Добавить в цитаты Настройки чтения

Страница 7 из 35



   Мама засмеялась тихо, как воркуя.

   -- Это тебе глупым кажется? Нет? Еще нет. Это еще чистая правда. А теперь я начну глупости. Только ты еще поверь, хоть в последний раз, да поверь. Вот я и до перил балкона сама дойти не могу. Если бы слезть с кресла сумела, то тут же и закачалась бы, и упала, а между тем, не только что свободно могу на наш овраг без ног сходить или на сенокос, я по всей России, я по всей земле пройдусь, по горам и по деревням и городам, по монастырям и по диким лесам... Я нищенкой пройдусь без дома, без имущества, без всякой привязи, и людям я помогу словом разумным, и руками свободными и сильными, и ничего мне не страшно, ни холода, ни голода, ни смерти.

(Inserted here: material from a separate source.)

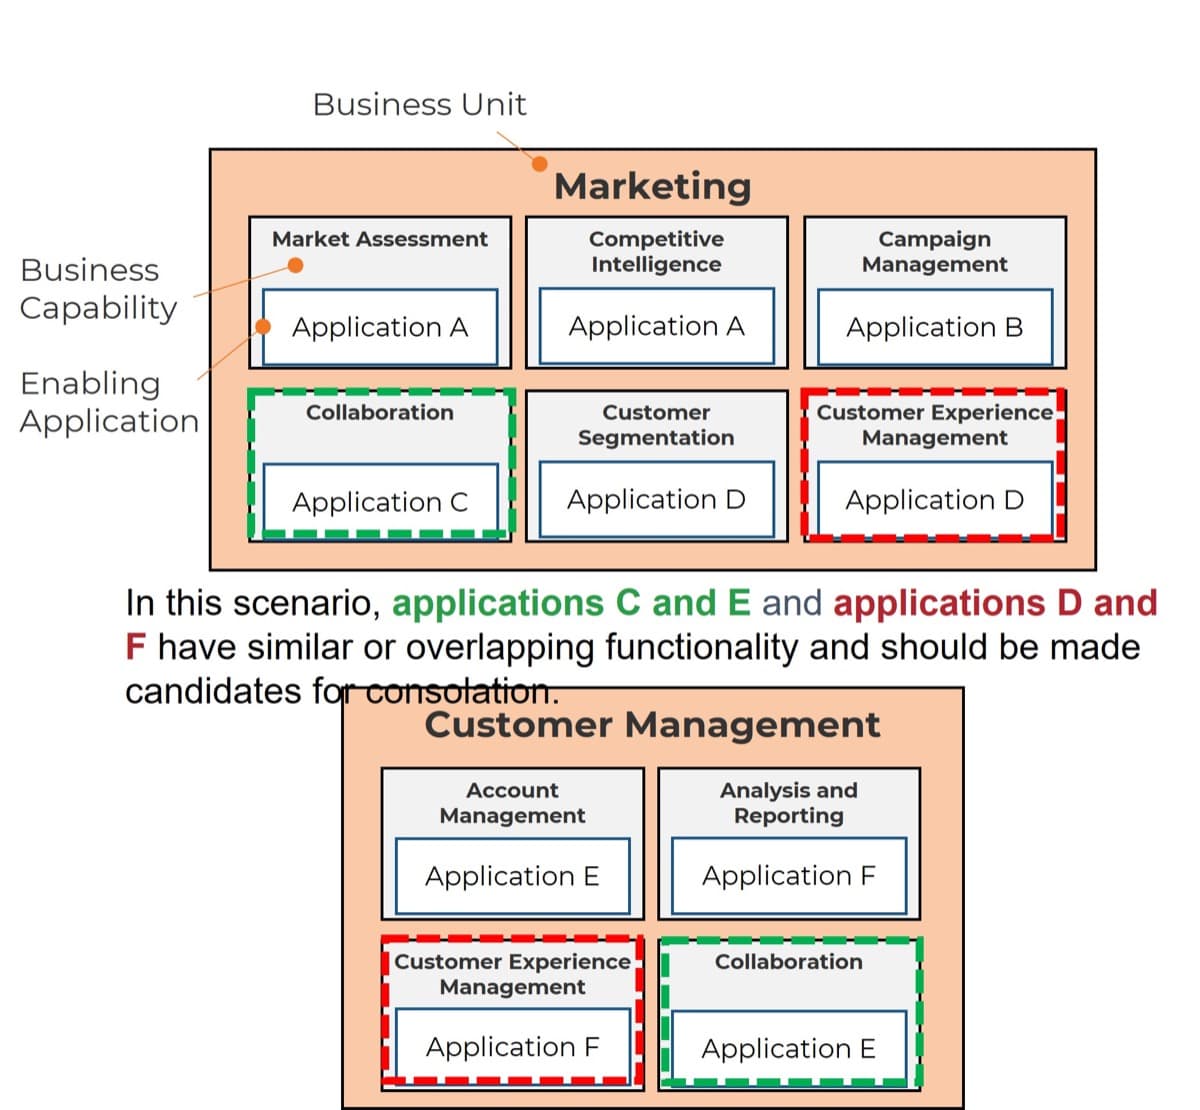 The image contains a screenshot of the business capability scenarios.

Всякое дерево мне отец, и всякая старуха встреченная мне мать, и всякий зверь невинный, послушный земле,-- брат, и травка сестрица... А сыновья и дочки -- все детки божьи на земле, и вы, мои любимые, тоже в моем сердце. Потому что места в сердце у человека бесконечно много, а огня любовного больше, нежели нужно, чтобы весь мир опалить, но не опаляет тот огонь любви, как купину неопалимую не опалял огонь, но горела и не сгорала... Вот это второй человек, Верочка: он любит, но от пристрастия свободен. И душа моя не от ног моих зависит, а от моей любви. Потому-то я и говорю, что хотя и до перил мне не дойти, а я весь мир обошла, обхожу. Я, знаешь, Верочка, совсем другим человеком стала с тех пор, как заболела. Я, Верочка, много передумала здесь одна, и теперь все зараз тебе сказала. Это ничего, что болезнь подвигается и душа моя снова затемнится. Кто уже раз увидел, тот в свой новый мир придет... А ты что плачешь?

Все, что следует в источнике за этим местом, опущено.